Pour l’heure, ni l’État, ni le privé ne jouent leur rôle. (...)
L’ampleur actuelle de la ségrégation scolaire au collège devrait donc conduire l’État à demander des comptes aux établissements privés sous contrat, financés au 3/4 sur fond public – on pourrait d’ailleurs parler de secteur au 1/4 privé seulement- et donc avec l’argent du contribuable. Mais l’État ne joue aucun rôle de régulation du recrutement, tandis que le privé, bien loin des valeurs du « catholicisme social », ne joue pas le jeu.
Armes égales
Si la liberté du choix de l’instruction est protégée par une décision de 1977 du Conseil constitutionnel, développer des outils pour faire participer le privé à l’objectif de réduction des inégalités sociales et scolaires, et œuvrer pour que les deux systèmes soient à armes égales, est parfaitement envisageable. On ne peut accepter une ségrégation scolaire tellement forte qu’elle contribue à l’importante inégalité de réussite des élèves selon leur origine sociale. (...)
Réguler le système
Des pistes existent. Comme le fait de centraliser le recrutement d’élèves du privé via une plateforme spécifique, indépendante ou non de celle du public, sur un territoire donné, pour rendre « transparentes » les méthodes d’affectation, les objectiver de manière à s’assurer qu’il n’existe aucune forme de discrimination des catégories défavorisées.

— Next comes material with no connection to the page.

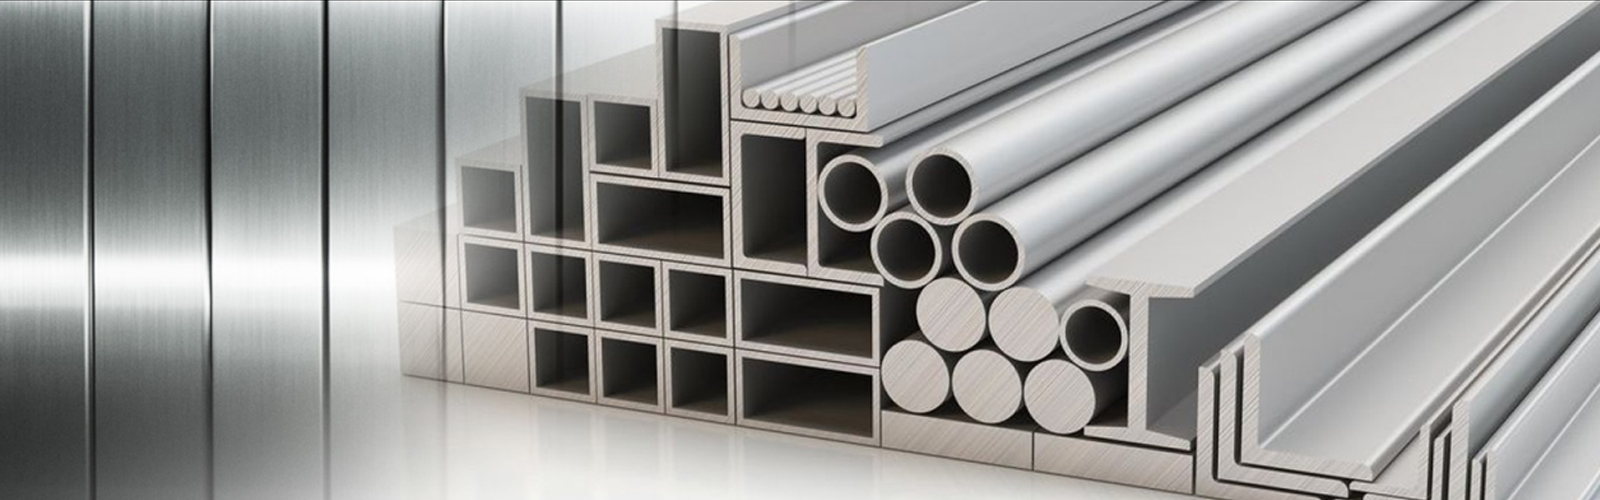 Kosan Aluminium Extrusion Malaysia
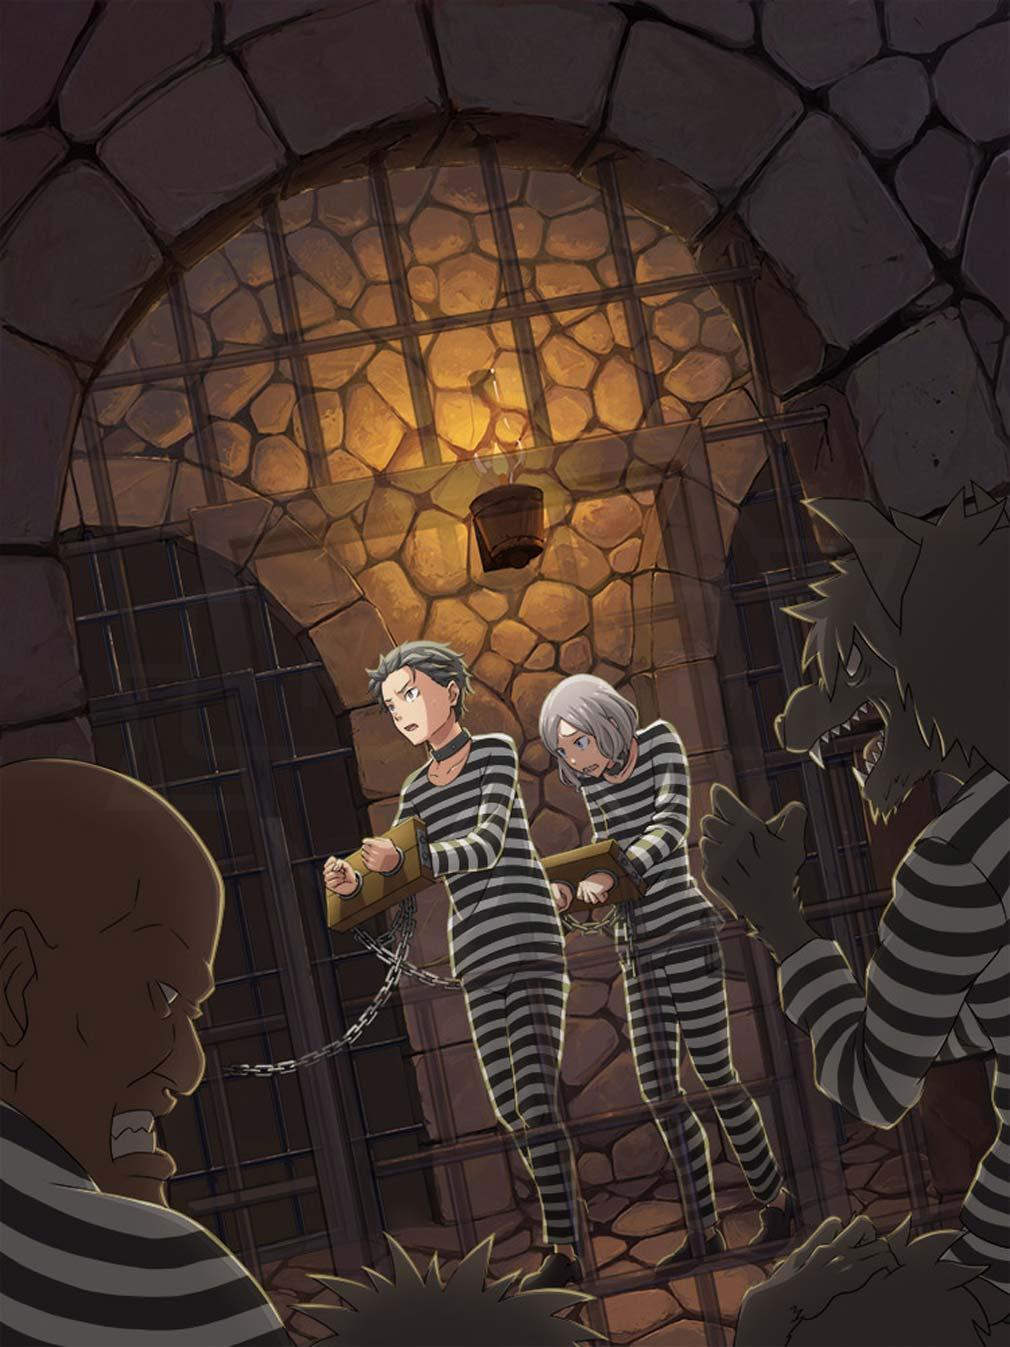 Re:ゼロから始める異世界生活 Lost in Memories(リゼロス) とある事件に巻き込まれ逮捕されてしまったスクリーンショット

Il est également souhaitable de fixer des règles comme un taux minimum d’élèves boursiers inscrits et un respect de quotas sociaux que le privé s’auto-assignerait, dont il rendrait compte à la puissance publique, et qui conditionnerait les financements. Et aussi généraliser la modulation des frais de scolarité en allant jusqu’à introduire la gratuité pour les plus modestes
Le système scolaire français n’a de toute manière pas le choix. Il doit se réformer car la pression des inégalités sociales et scolaires va devenir de plus en plus forte.